While Make My Bed in Hell has a rather simple storyline, Sanford's presentation is very dynamic. In a rather unique and innovative style, Sanford writes the whole book as fragmented parts that are placed in various time periods. To add even more complexity to his prose, the author often doesn't identify which characters are talking. The reader is challenged to determine the dialogue's source instead of following a simple “he said” or “she said” formula. While I found myself perplexed at the peculiarity, the concept was a refreshing reading experience.

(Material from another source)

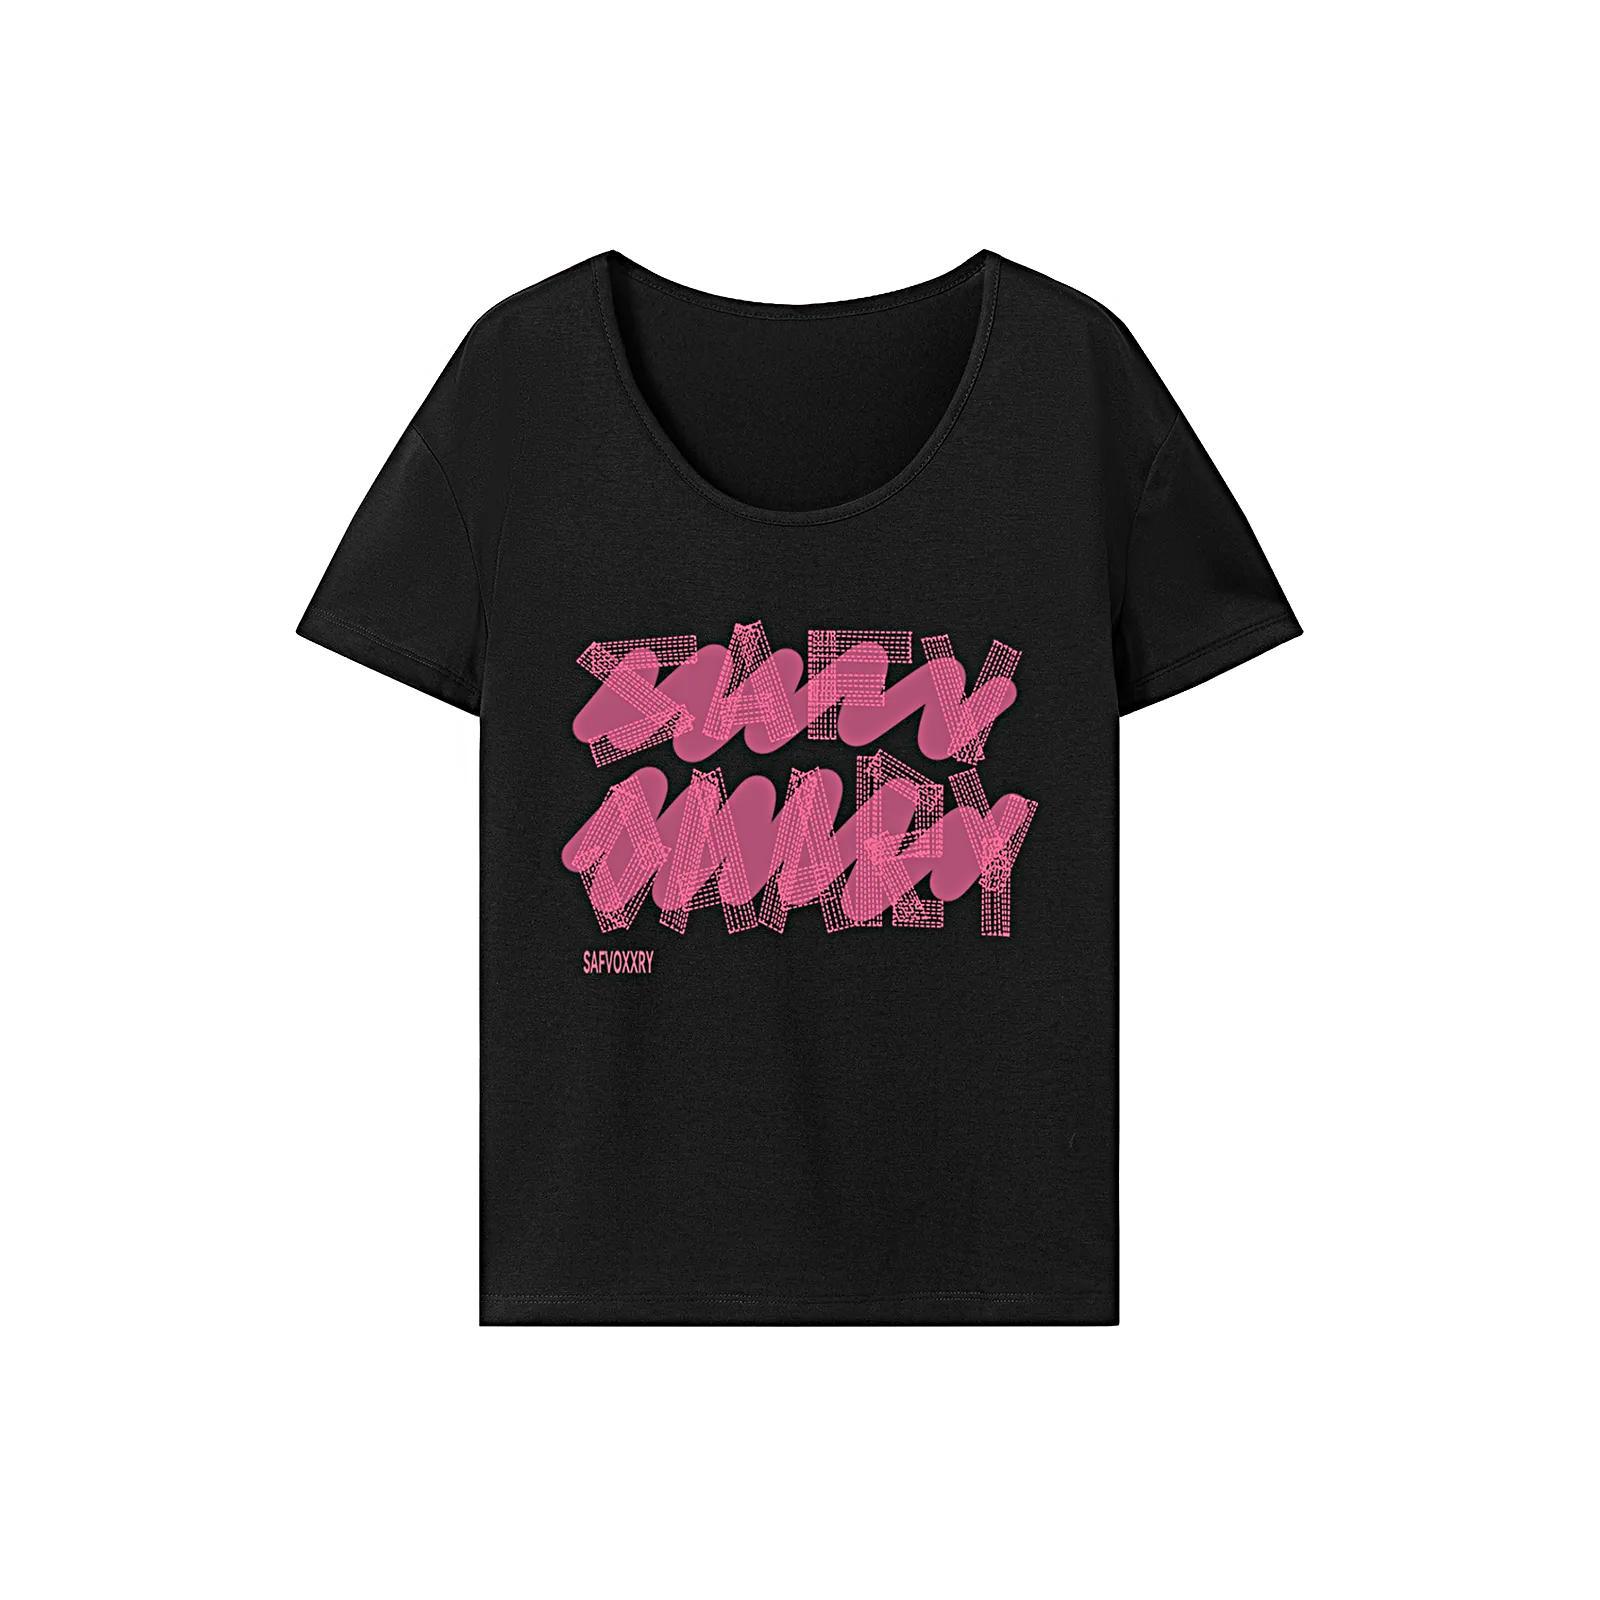 T Shirt for Women Summer Lightweight Crew Neck Tee for Walking Shopping Work S
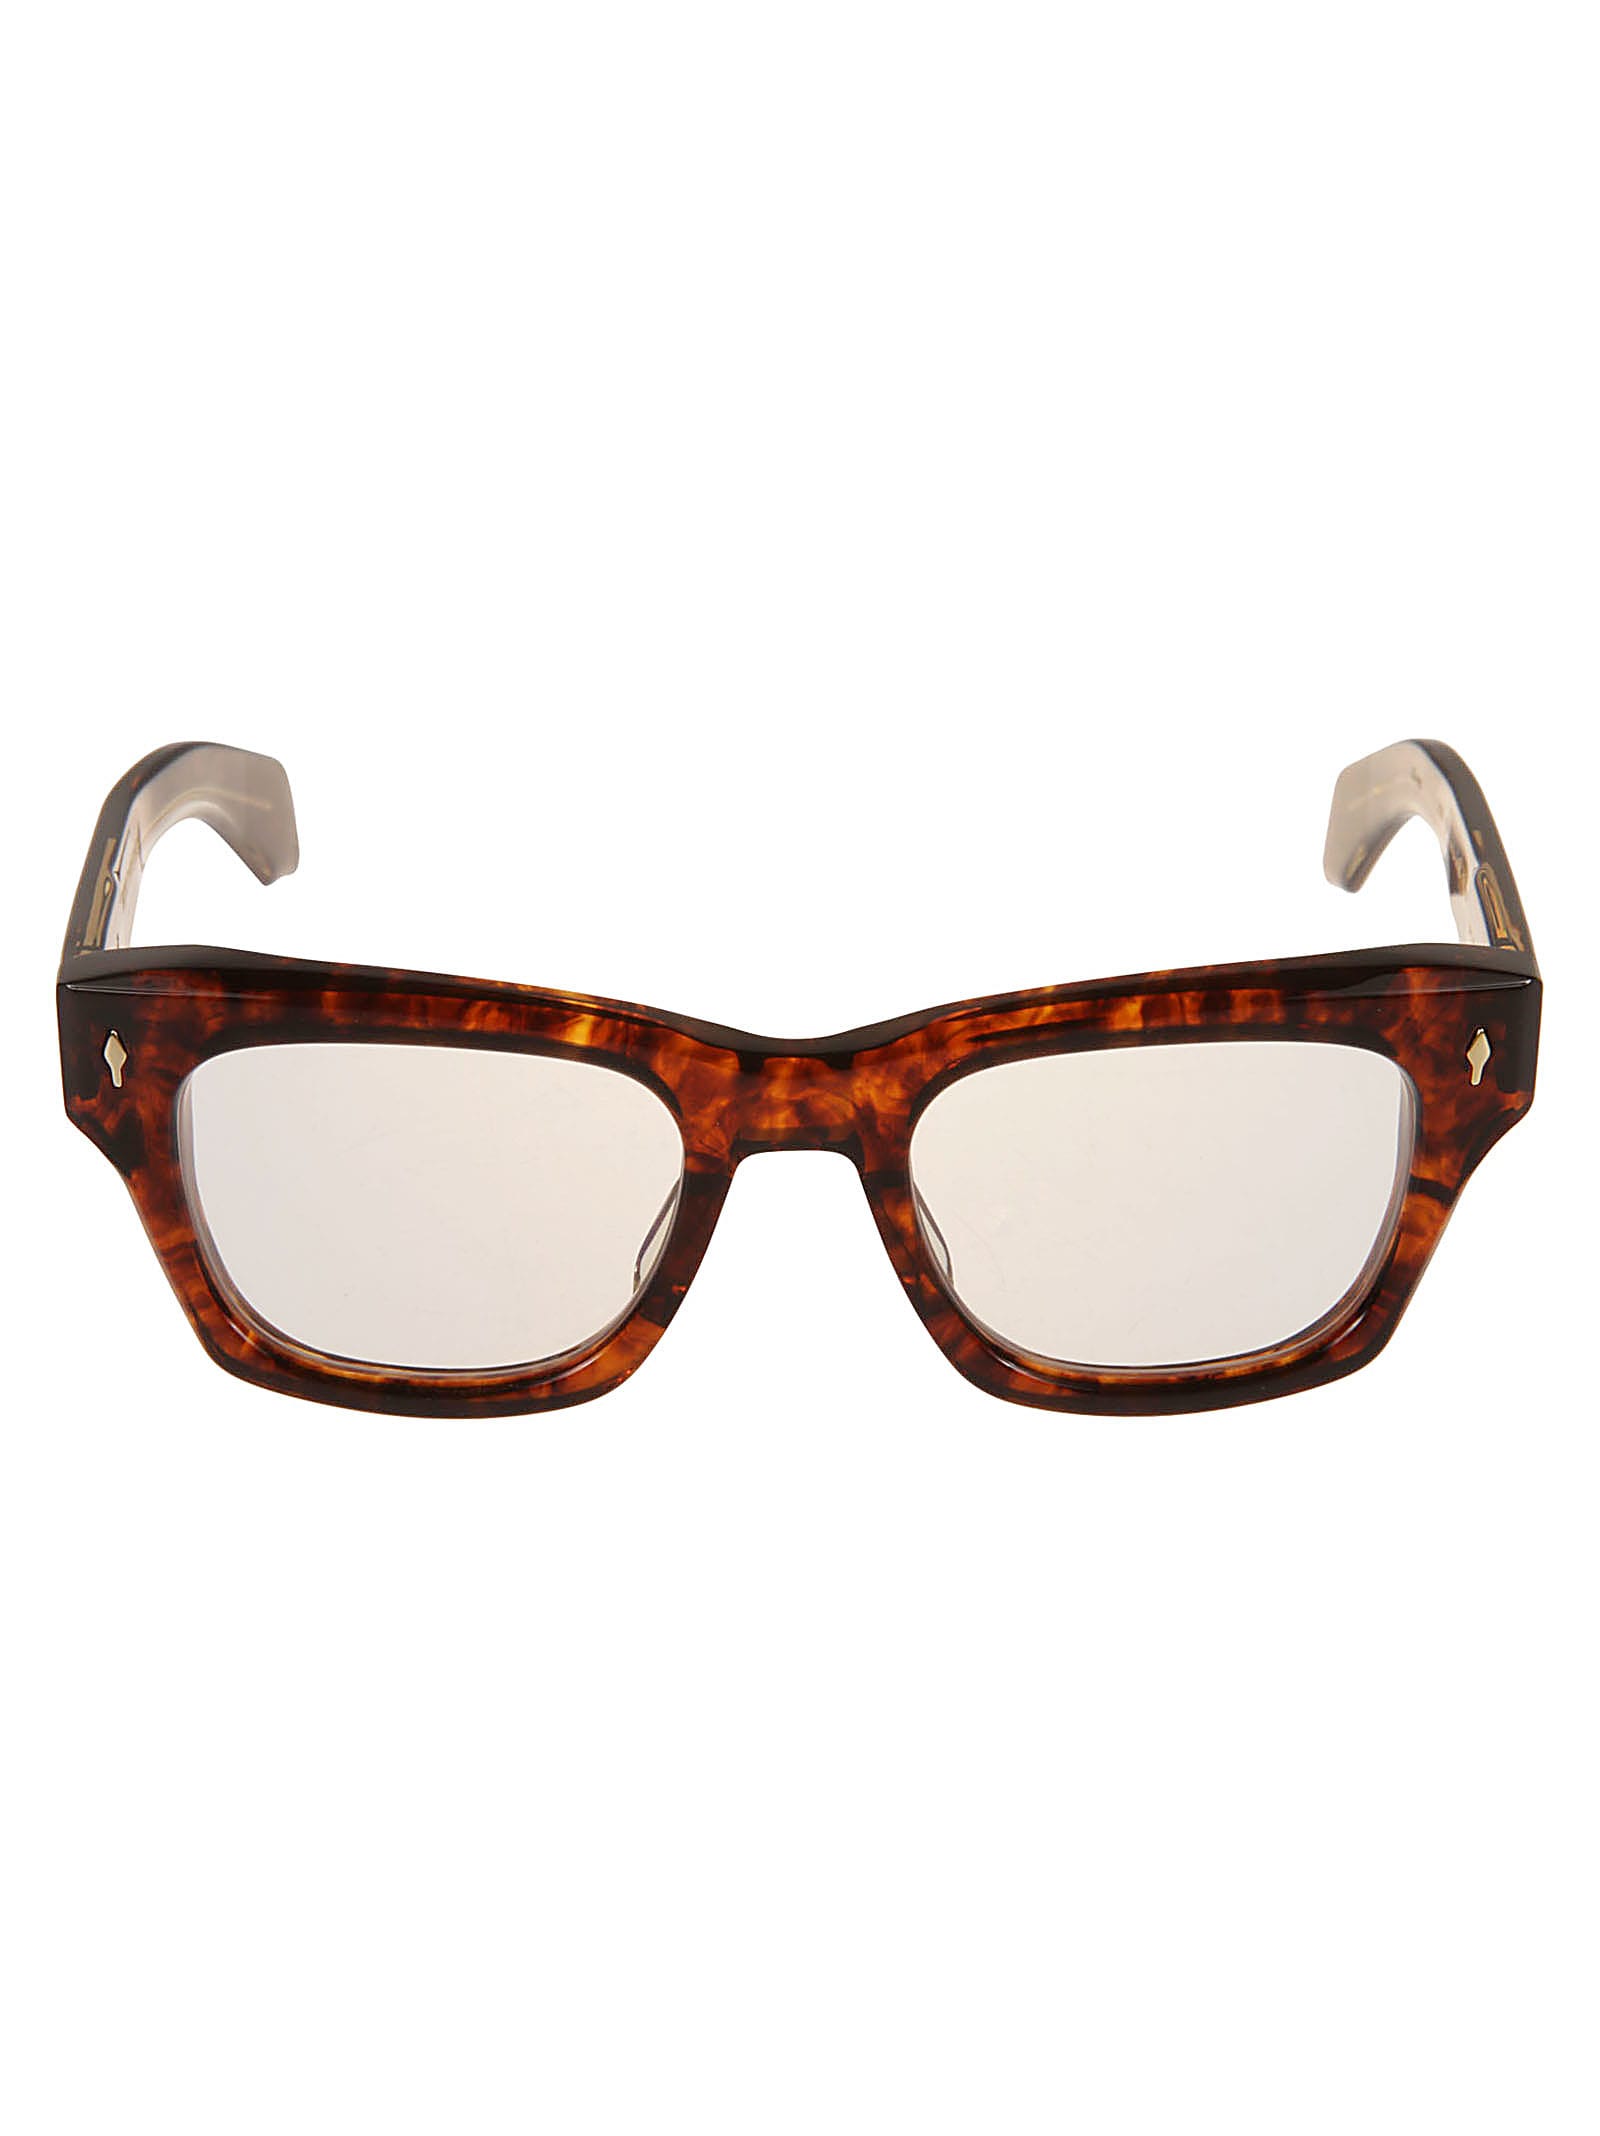 Jacques Marie Mage Zephirin - Noir 7 Glasses | Smart Closet

When the novel begins, middle-aged Aaron Platt walks a snowy path to his barn. It is there that he finds a frigid man lying in an empty stall. In what appears to be a rather cold-blooded response, Platt allows the man to shiver through the night with very little food or water. As night turns to day, Platt's past is presented to readers in jagged sequences. These are dark, extremely depressing visions of Platt's childhood, his endearing mother, and the brutality thrust upon his family by his aggressive and unyielding father. The harsh elements of childhood bullying, family abuse, death, and poverty is presented as a parallel portrait of a rugged, impoverished farming community that faces immense financial adversity.
Sanford really shined as a complex, but readable, young author that had a unique voice. Considering the wealth of literature I have devoured over 30 years, I've never read a novel like this one. Despite its 1939 conception, the book is seemingly timeless considering America's rural towns and communities that are still struggling with financial distress, lack of government funding, and an aptitude that fighting with each other is sometimes the best solution to life's most difficult oppositions. Sanford's characters are hardened by strife and the land they plow and that gritty combination affected me long after the final pages were read. Make My Bed in Hell is the main character's outlook on his tumultuous life and a fitting title for such a poignant literary novel.